◆ **Your goal**
Output, word for word, each line from the one with "Know before you" through the end of the listing below, excluding every picture.

◆ **Information supplied**
• • • • •
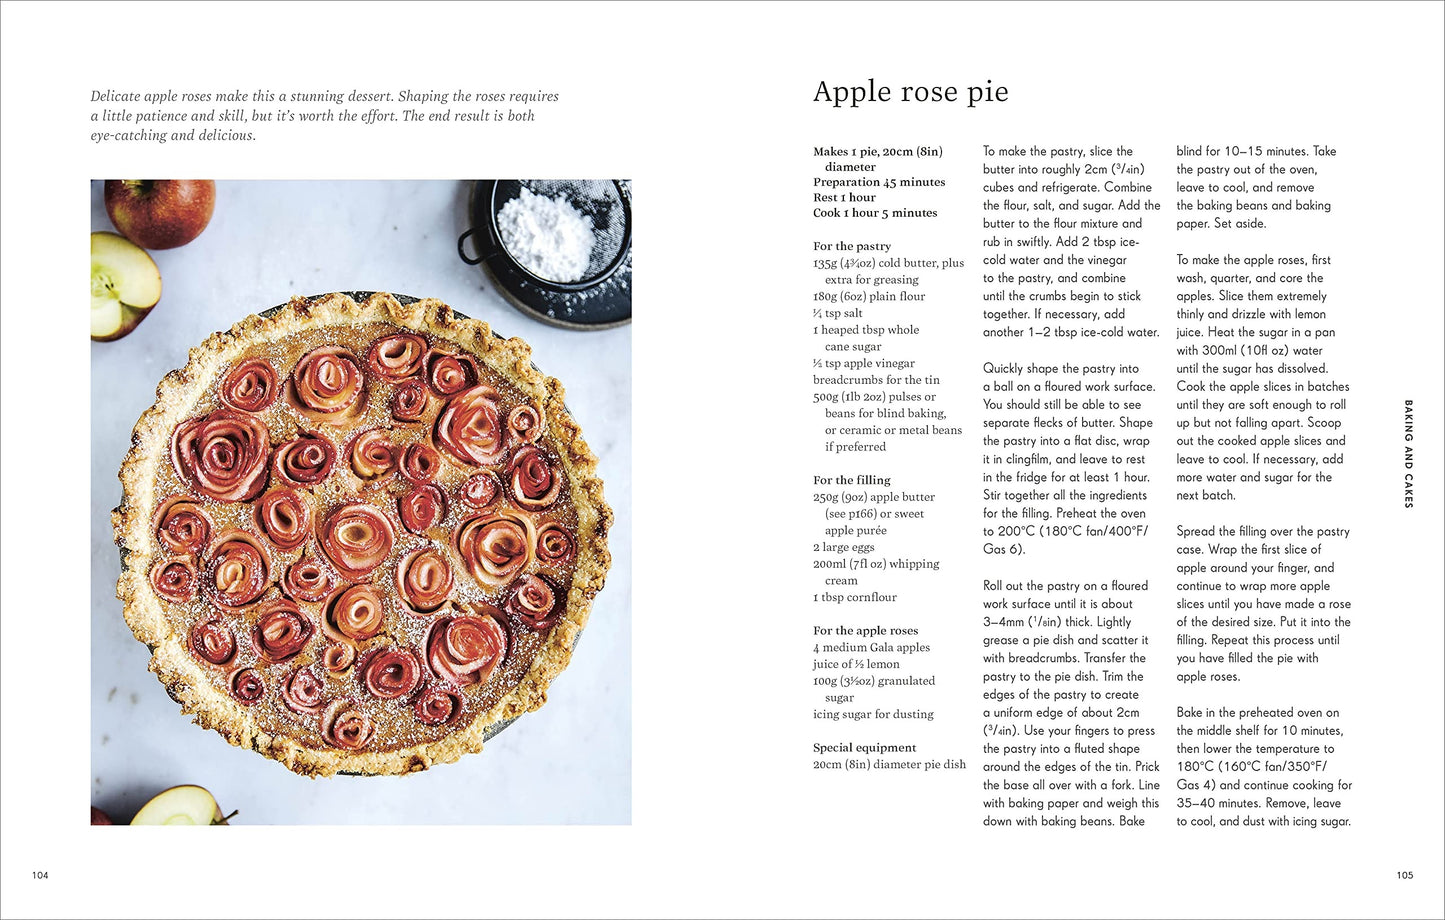 Apple Kitchen: From Tree to Table – Over 70 Inspiring Recipes
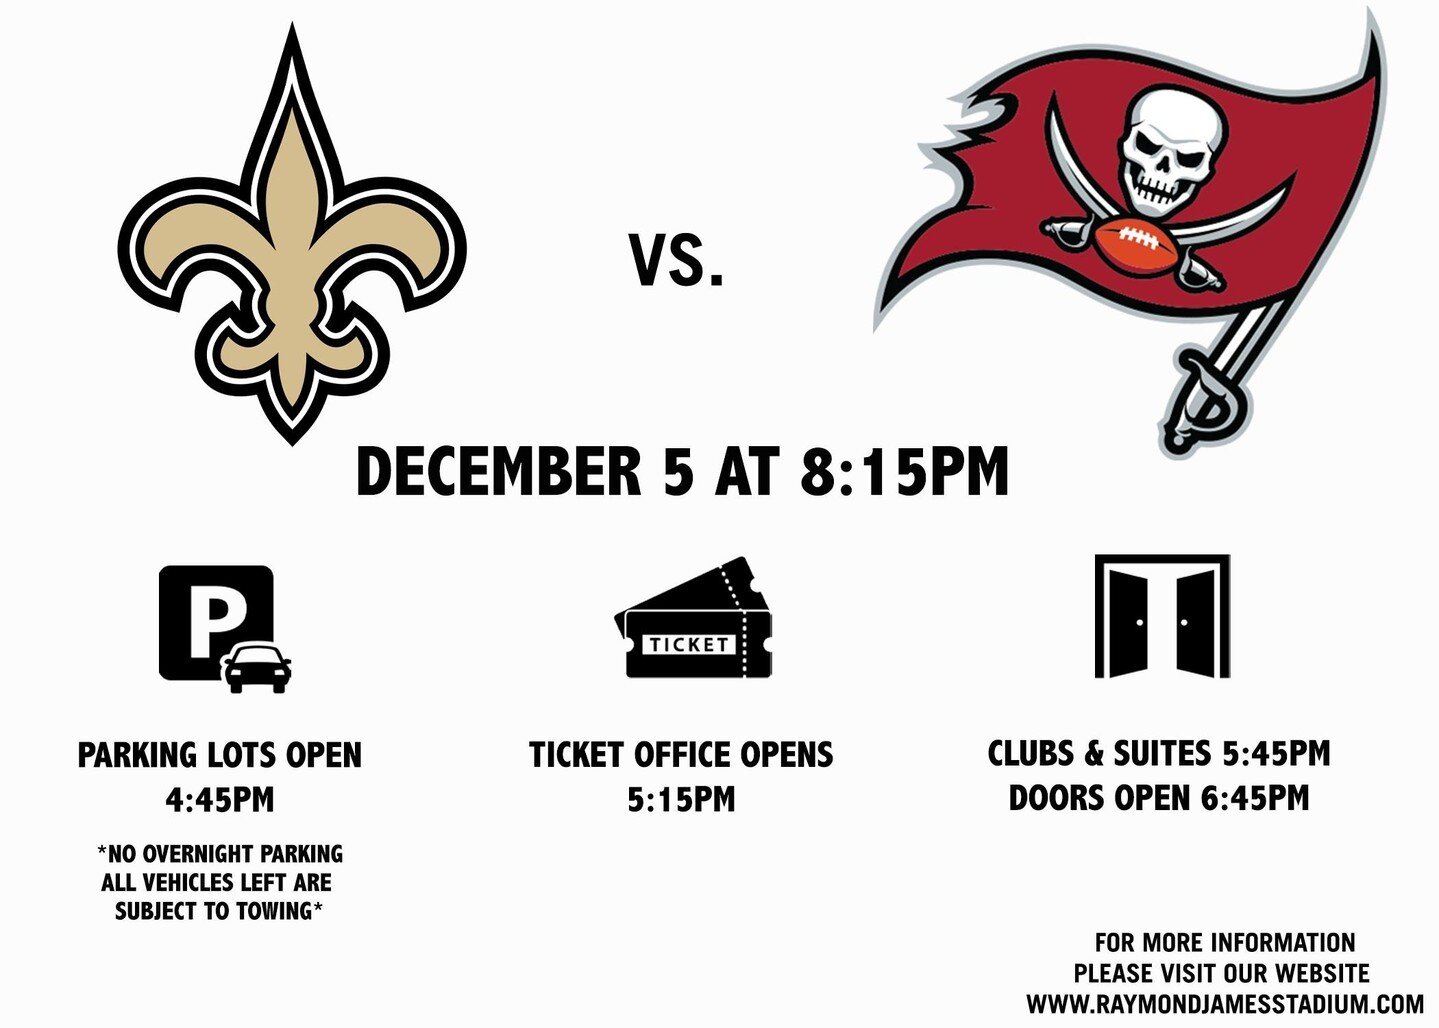 Know before you go to the Saints vs. Buccaneers game on Monday!
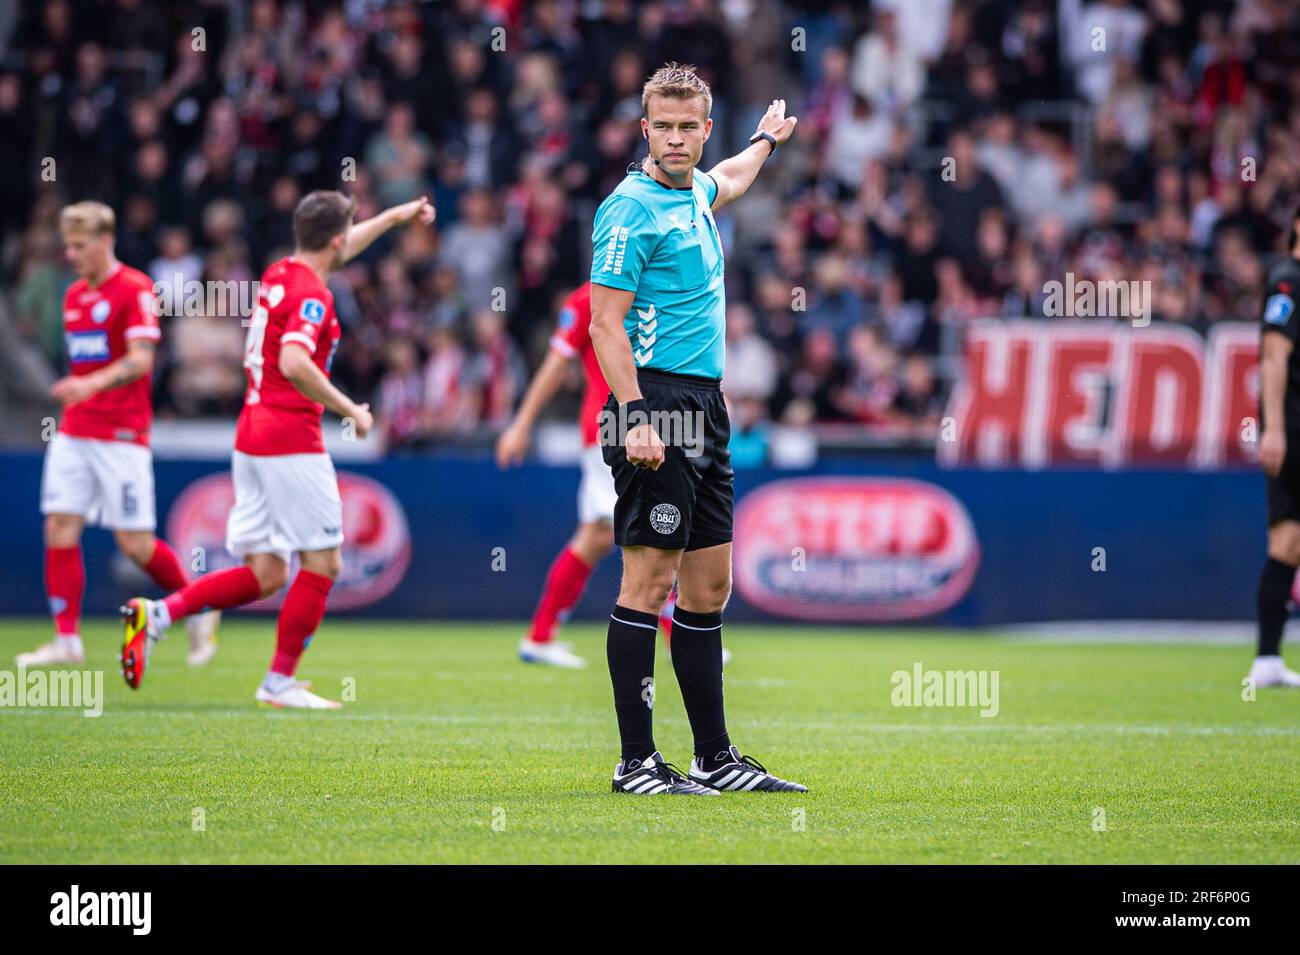 Herning, Denmark. 30th, July 2023. Referee Jacob Karlsen seen during the 3F Superliga match between FC Midtjylland and Silkeborg IF at MCH Arena in Herning. (Photo credit: Gonzales Photo - Morten Kjaer). Stock Photo
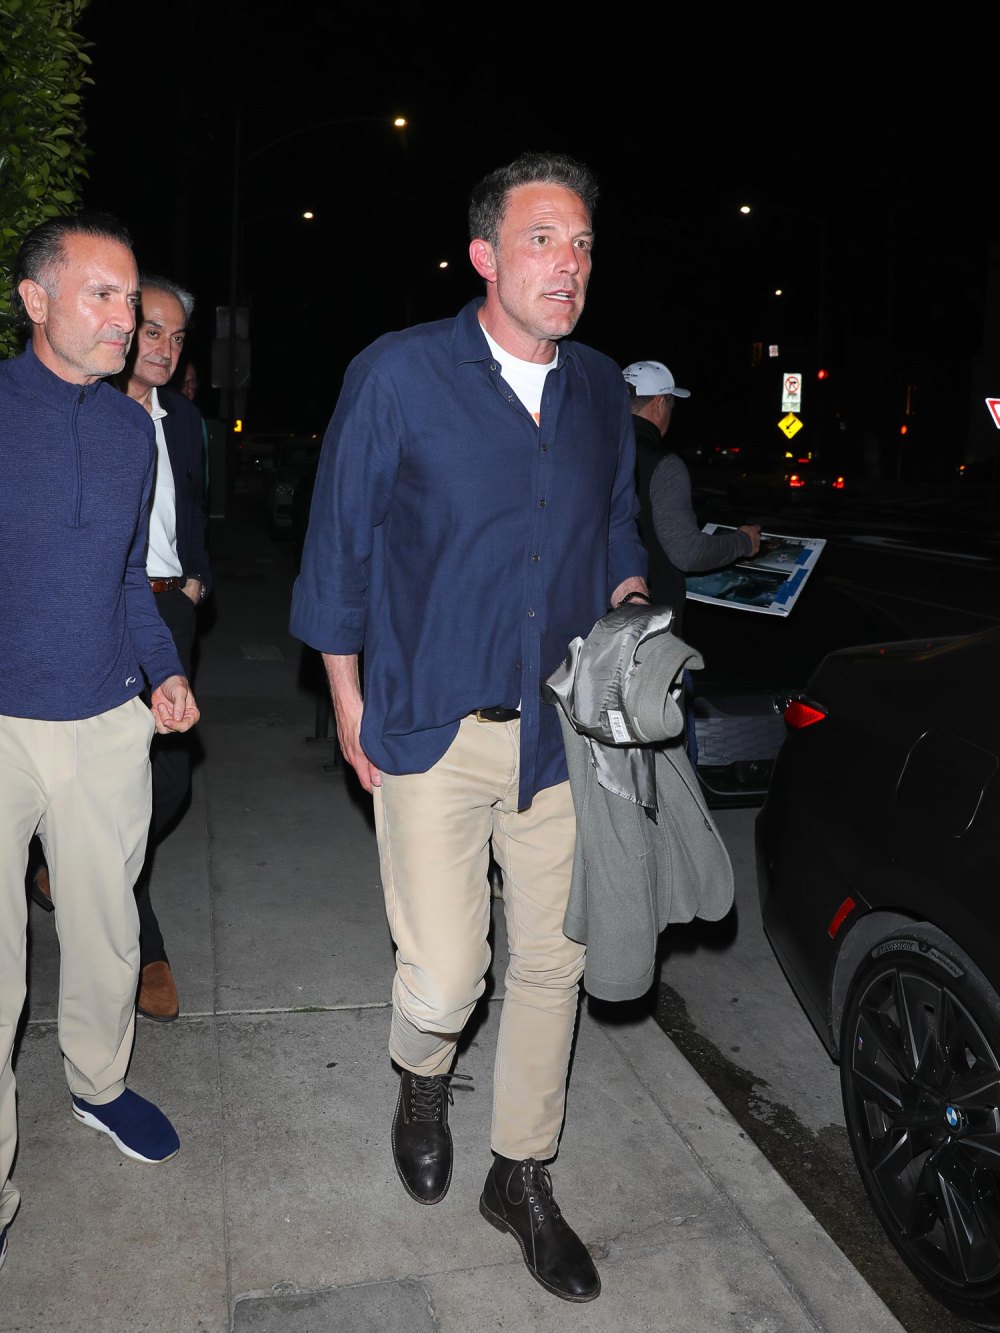 Ben Affleck Still Wearing Wedding Ring During Solo Outing as Jennifer Lopez Attends ‘Atlas’ Premiere 373
• • • • •
◆ **Expected answer**
 Know before you go to the Saints vs. Buccaneers game on Monday!
 Herning, Denmark. 30th, July 2023. Referee Jacob Karlsen seen during the 3F Superliga match between FC Midtjylland and Silkeborg IF at MCH Arena in Herning. (Photo credit: Gonzales Photo - Morten Kjaer). Stock Photo
 Ben Affleck Still Wearing Wedding Ring During Solo Outing as Jennifer Lopez Attends ‘Atlas’ Premiere 373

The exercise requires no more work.